An extremely difficult
part of my work there was the disorganization of the patient data. There
was no computer system to speak of and very few people were computer literate;
many of the patient files had important data misplaced/missing. I performed
a basic audit on the state of the data collection in the rural clinics.
Altogether, my experience in South Africa this summer was
unparalleled. I have gained wisdom well beyond my years and I feel like
I can already apply the things I learned to real-life situations.


africa_uganda

Uganda (2)

Soroti
HealthNet/Transcultural Psychosocial
Organization (TPO)
Research
Summer 2006
Over the summer,
a fellow medical student/friend and I traveled to Soroti, Uganda. We worked
with a Dutch non-governmental organization called HealthNet/Transcultural
Psychosocial Organization (TPO)
, a group dedicated to improving the
mental health of war-torn communities. Our research focused on the impact
of HIV/AIDS on Internally Displaced Persons of Eastern Uganda.
We
designed individual surveys to collect both quantitative and qualitative
data to obtain baseline data on pertinent health issues that contribute
to the transmission of HIV/AIDS within Internally Displaced Persons (IDP)
camps (safe havens from rebel groups). Comprised of approximately 40 questions,
interviews focused on demographics, alcohol consumption, current sexual
practices, knowledge regarding HIV/AIDS, and how HIV/AIDS ranks among other
concerns. Surveys were conducted via 30 minute, one-on-one interviews of
men and women between the ages of 18 and 89. By the end of the two-month
period, we completed just over 200 surveys.
The overall experience
was inspirational and educational. We learned a lot about working abroad
in a resource poor setting, how to collaborate with non-governmental organizations,
and how to perform field work. On a more personal level, we observed first
hand the culture of foreign aid and its effects on the perception of “mizungu”
foreigners in Africa.

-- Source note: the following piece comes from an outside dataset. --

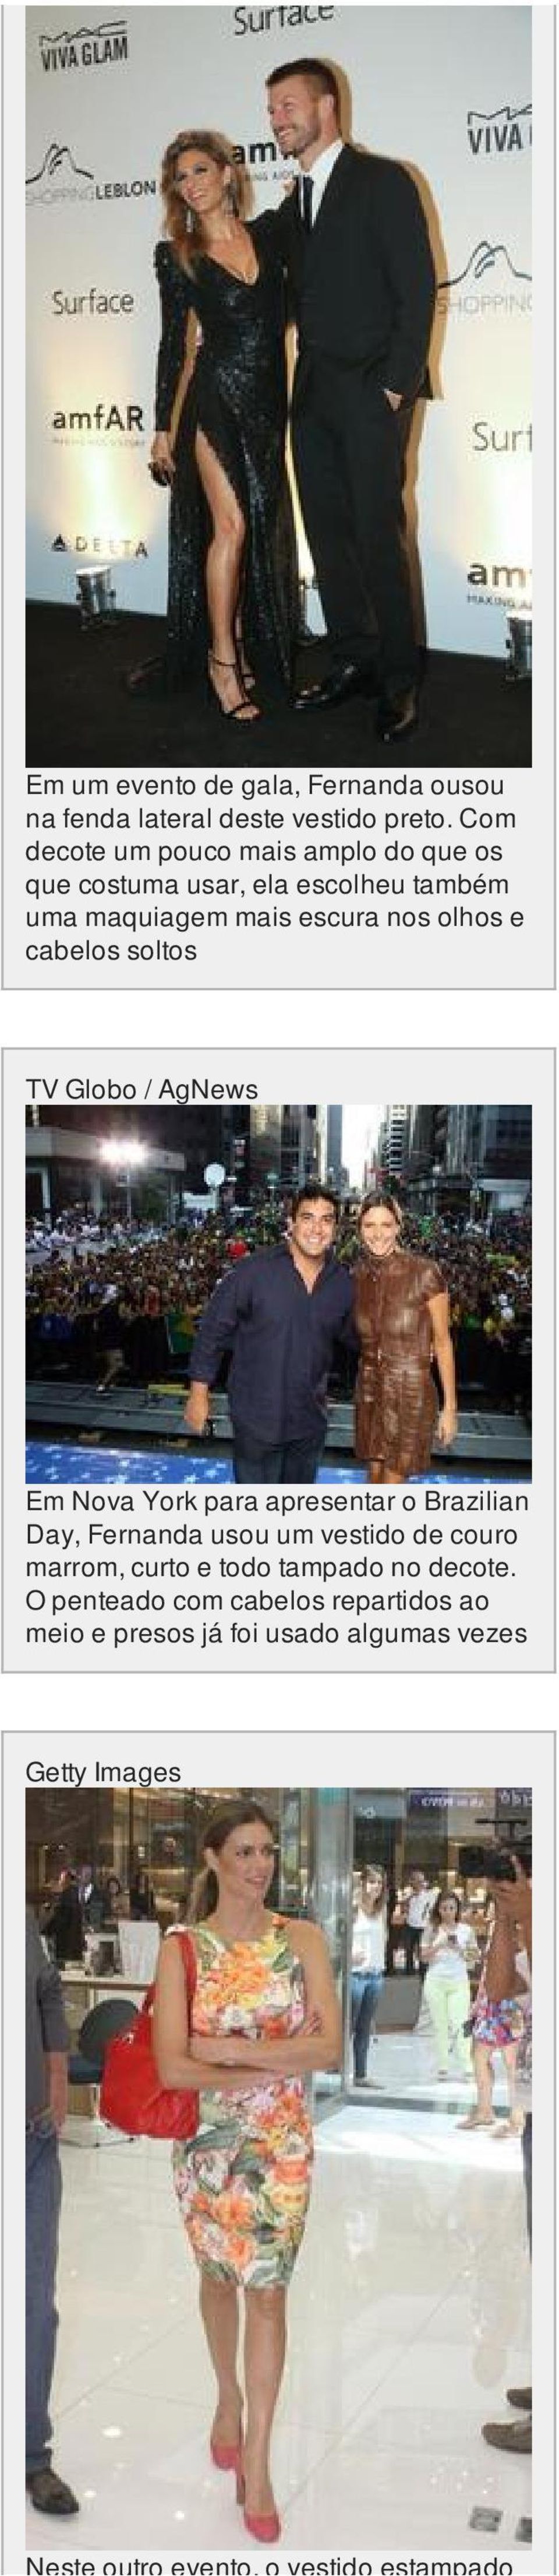 cabelos soltos TV Globo / Em Nova York para apresentar o Brazilian Day, Fernanda usou um vestido de couro marrom,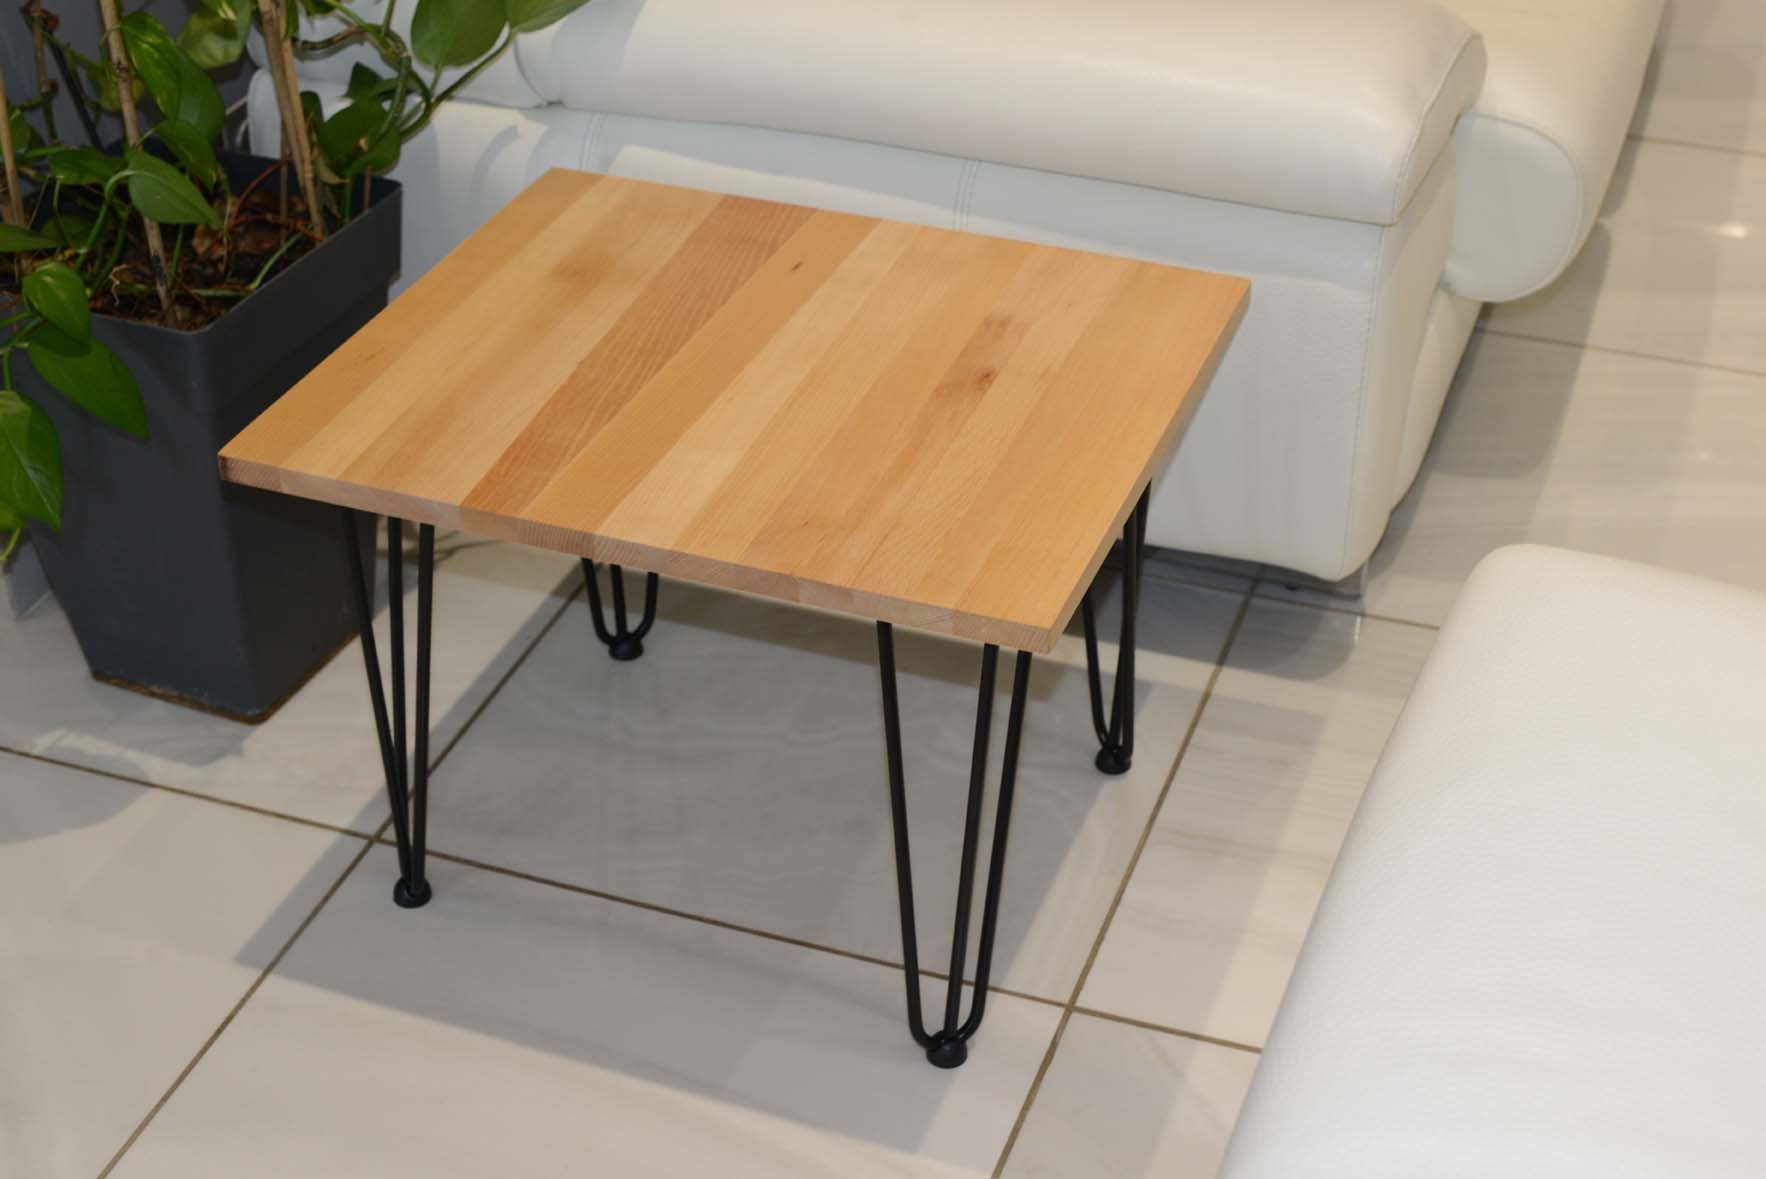 Petite table basse pieds en épingle et bois massif pour salon

This compelled us to think about larger scale issues
such as the benefits and consequences of foreign aid and how to reconcile
short-term needs with long-term sustainability.


africa_uganda

Uganda (3)

Kampala
Hospice Africa
Clinical work (hospice
care)
Summer 2004
I worked with
Hospice Africa. On a typical day
I would study for a few hours in the morning in the institution’s library.
Usually, I would read up on a case that we had or just research AIDS and
cancer in general. After a few hours of study time we left the base camp
to make home visits. All home visits consisted of interviews with the patient
and family members involved in caring for the patient. Some patients required
a physical exam if they were having additional problems or it was the first
visit. After the exam, we updated and/or filled all necessary medications
for the patient. We visited an average of 5 patients per day, and they were
spread out all over the city. After the visits we’d return for a “late lunch”
and then I’d go home for the evening.
Hospice Africa provides
pain relief and symptom management for terminally ill cancer and AIDS patients.
Teams of doctors and nurses visit patients in their homes and educate the
patients’ families and communities in how to best care for each individual
patient. The cornerstone of the physical care is oral morphine and antibiotics,
while the emotional and spiritual care is organized through the community
and religious organizations in which the patient is involved.